我创建了一个小型数据集,其中包含 20 个类别和每个标签的 100 条记录。所以总记录数是 2000。使用 RandomForest 我得到了 92% 的准确率。
问题:
所以我继续创建一个包含 1800 个类别 [标签] 的模型,每个类别的记录从 500 到 1500 不等。当我用新的数据集运行相同的模型时,我的准确率只有 19%,超过 50% 的预测值指向同一个标签。
数据集示例:
Product_Combined Category
2Pcs Led Light Lamp Strip Dimmer Switch Brightness Adjustable Control 12-24V 8A Arts, Crafts & Sewing | Painting, Drawing & Art Supplies | Drawing | Light Boxes
10 Pcs 1/4" Male To 1/4" Female Screw Adapter For Tripod Camera Flash Bracket Stand Arts, Crafts & Sewing | Painting, Drawing & Art Supplies | Drawing | Light Boxes
L-Fine A4 Tracing LED Light Pad Box(13.86x9.45 Inches) with Adjustable Light Intensity for Artists,Drawing, Sketching, Animation Arts, Crafts & Sewing | Painting, Drawing & Art Supplies | Drawing | Light Boxes
BZONE Solar Powered Operated Copper Wire LED Fairy Light Decorative String Lights for Indoor Outdoor Home Garden Lawn Patio Party Christmas Valentine''s Day (16.4ft, Pink Color) Arts, Crafts & Sewing | Painting, Drawing & Art Supplies | Drawing | Light Boxes
LitEnergy 32.5 Inch Diagonal A2 Tracing Table with LED Light and Paper Arts, Crafts & Sewing | Painting, Drawing & Art Supplies | Drawing | Light Boxes
代码:
import string
import codecs
import pandas as pd
import numpy as np
from sklearn.feature_extraction.text import CountVectorizer
from sklearn.ensemble import RandomForestClassifier
from sklearn.model_selection import train_test_split
from stemming.porter2 import stem
from sklearn.metrics import confusion_matrix
from nltk.stem import PorterStemmer
from nltk.corpus import stopwords
from sklearn.model_selection import cross_val_score
from sklearn.externals import joblib
stop = stopwords.words('english')
data_file = "Book3.txt"
#Reading the input/ dataset
data = pd.read_csv( data_file, header = 0,
delimiter= "\t", quoting = 3, encoding = "ISO-8859-1")
data = data.dropna()
#Removing stopwords, punctuation and stemming
data['Product_Combined'] = data['Product_Combined'].apply(
lambda x: ' '.join([word for word in x.split() if word not in (stop)]))
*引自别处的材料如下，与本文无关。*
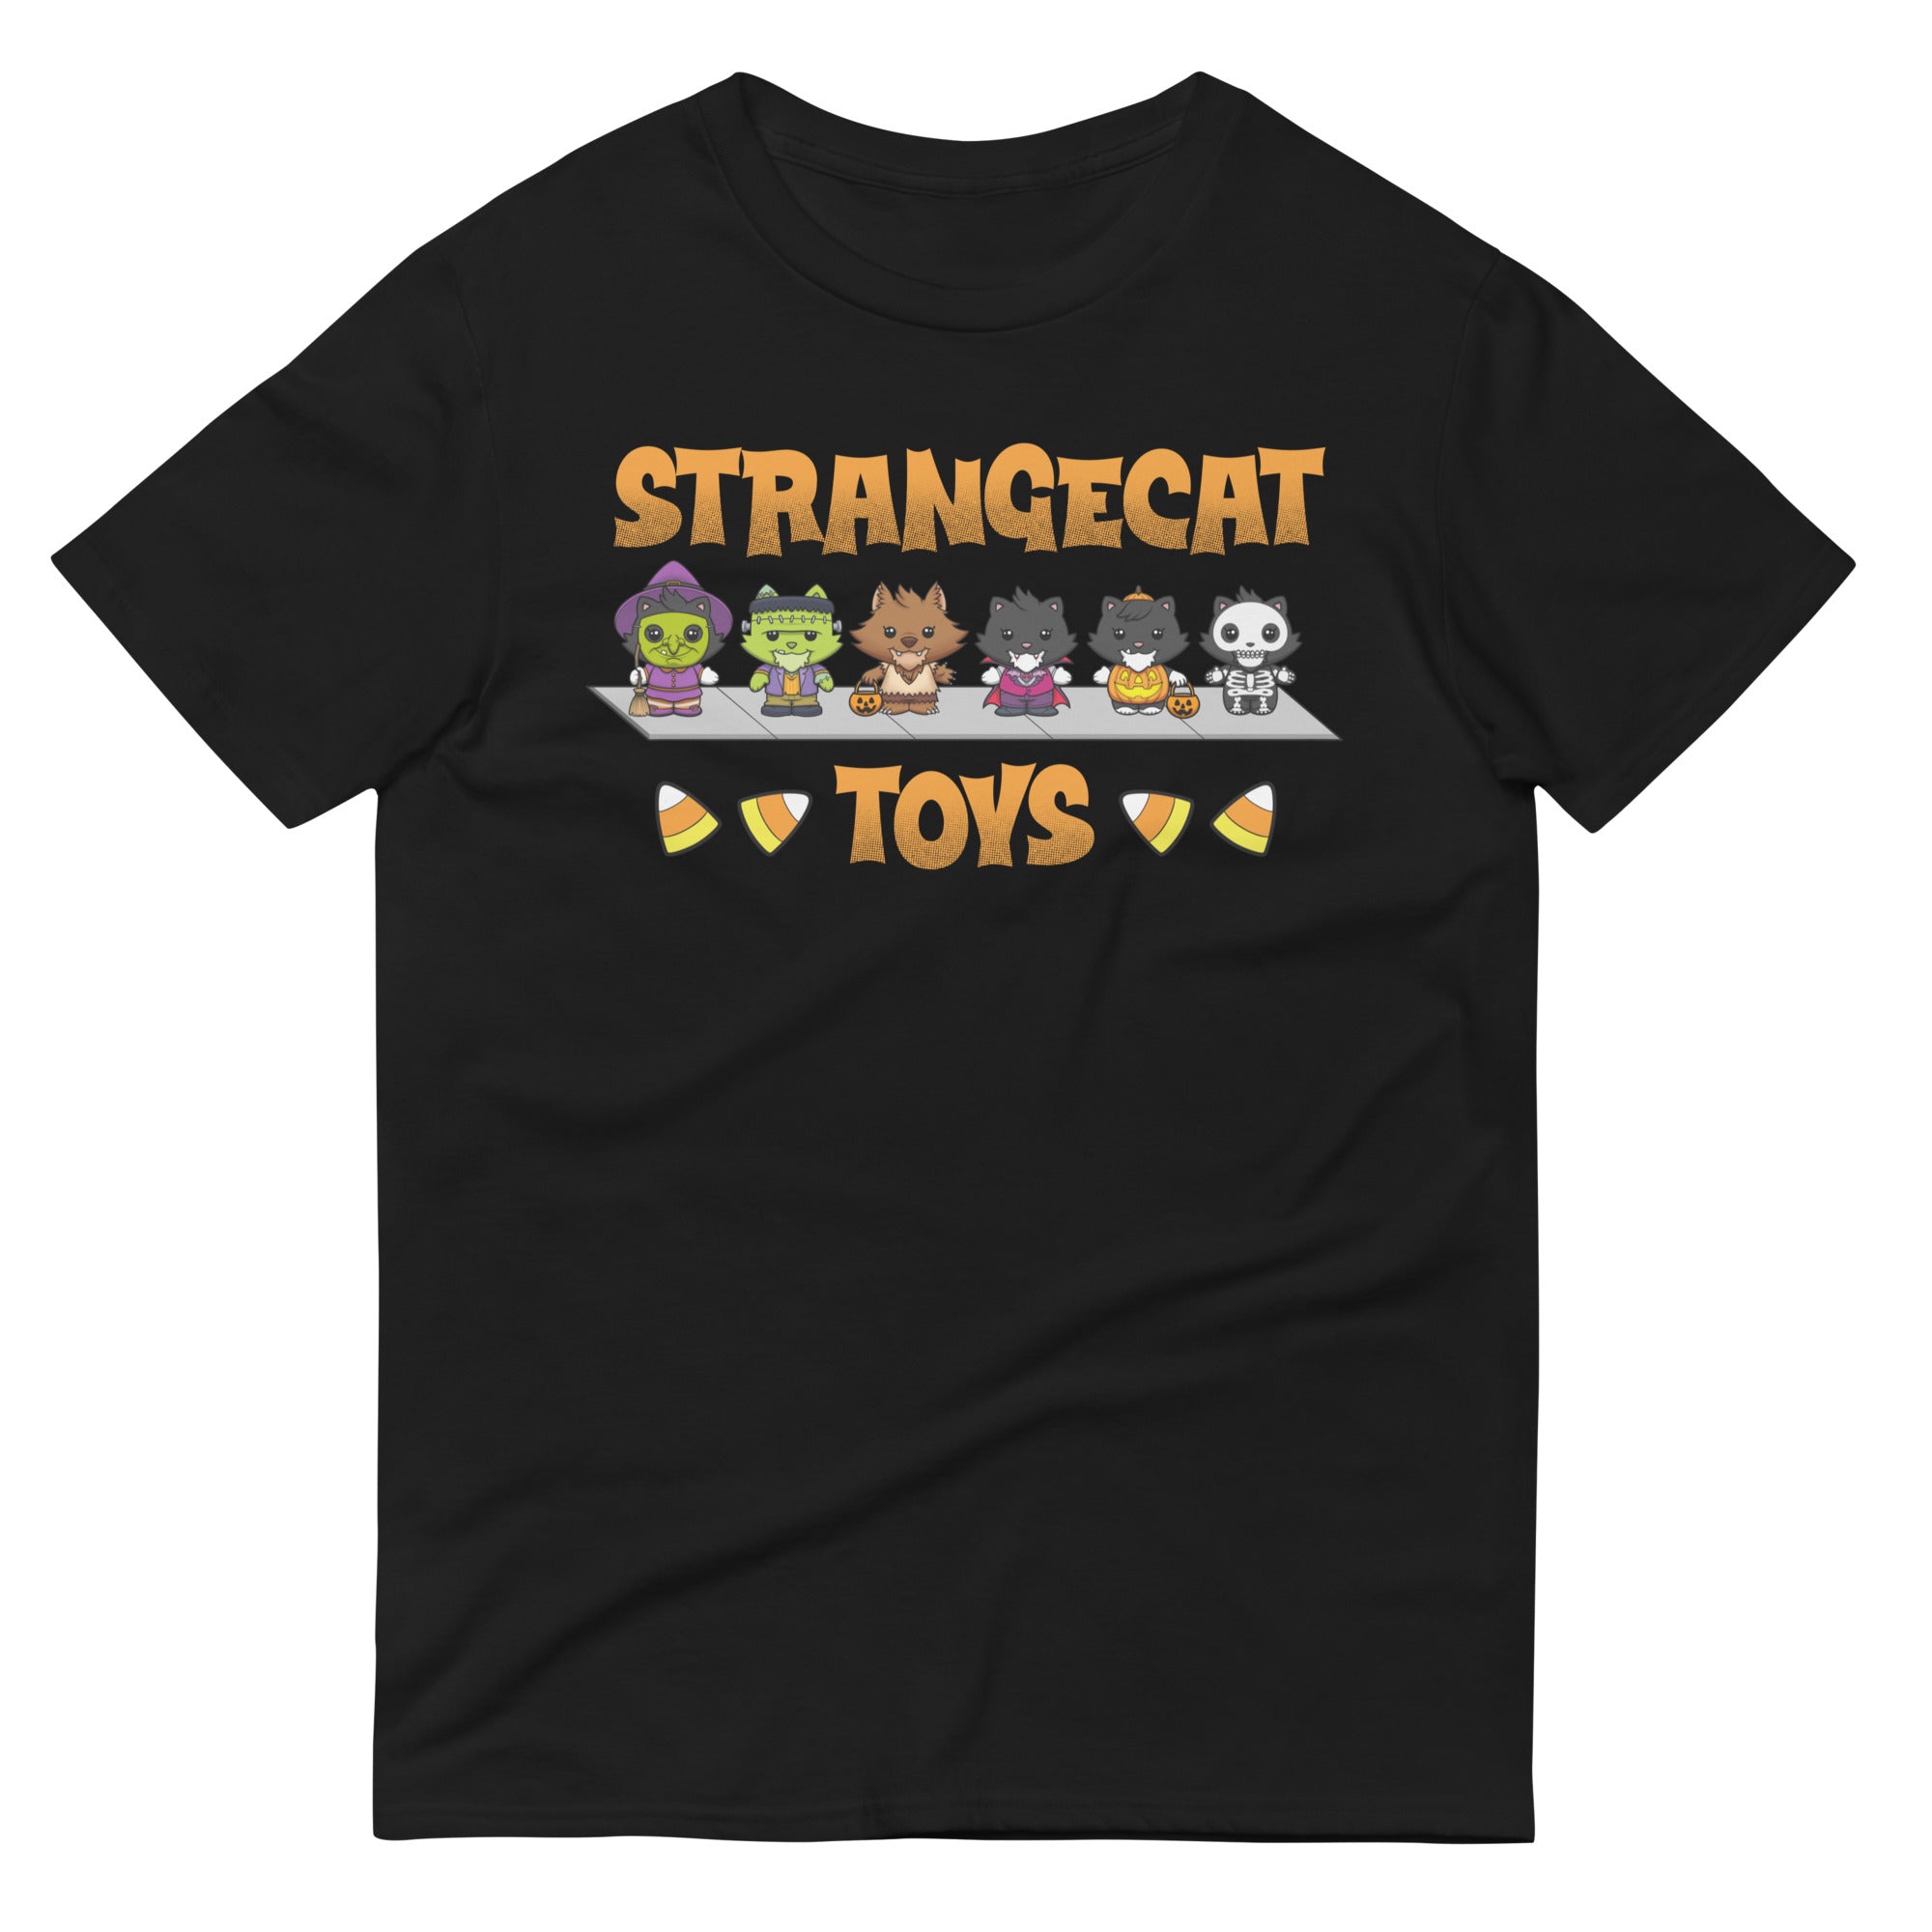 Trick Or Treat Strangecat T-Shirt featuring cartoon characters, cat, person, wolf, and more on a black shirt.

data['Product_Combined'] = data['Product_Combined'].str.replace(
'[^\w\s]',' ').replace('\s+',' ')
data['Product_Combined'] = data['Product_Combined'].apply(
lambda x: ' '.join([stem(word) for word in x.split()]))
train_data, test_data, train_label, test_label = train_test_split(
data.Product_Combined, data.Breadcrumb, test_size=0.3, random_state=100)
RF = RandomForestClassifier(n_estimators=100)
vectorizer = CountVectorizer( max_features = 50000, ngram_range = ( 1,3 ) )
data_features = vectorizer.fit_transform( train_data )
RF.fit(data_features, train_label)
test_data_feature = vectorizer.transform(test_data)
Output_predict = RF.predict(test_data_feature)
print ("BreadCrumb_Accuracy: " + str(np.mean(Output_predict == test_label)))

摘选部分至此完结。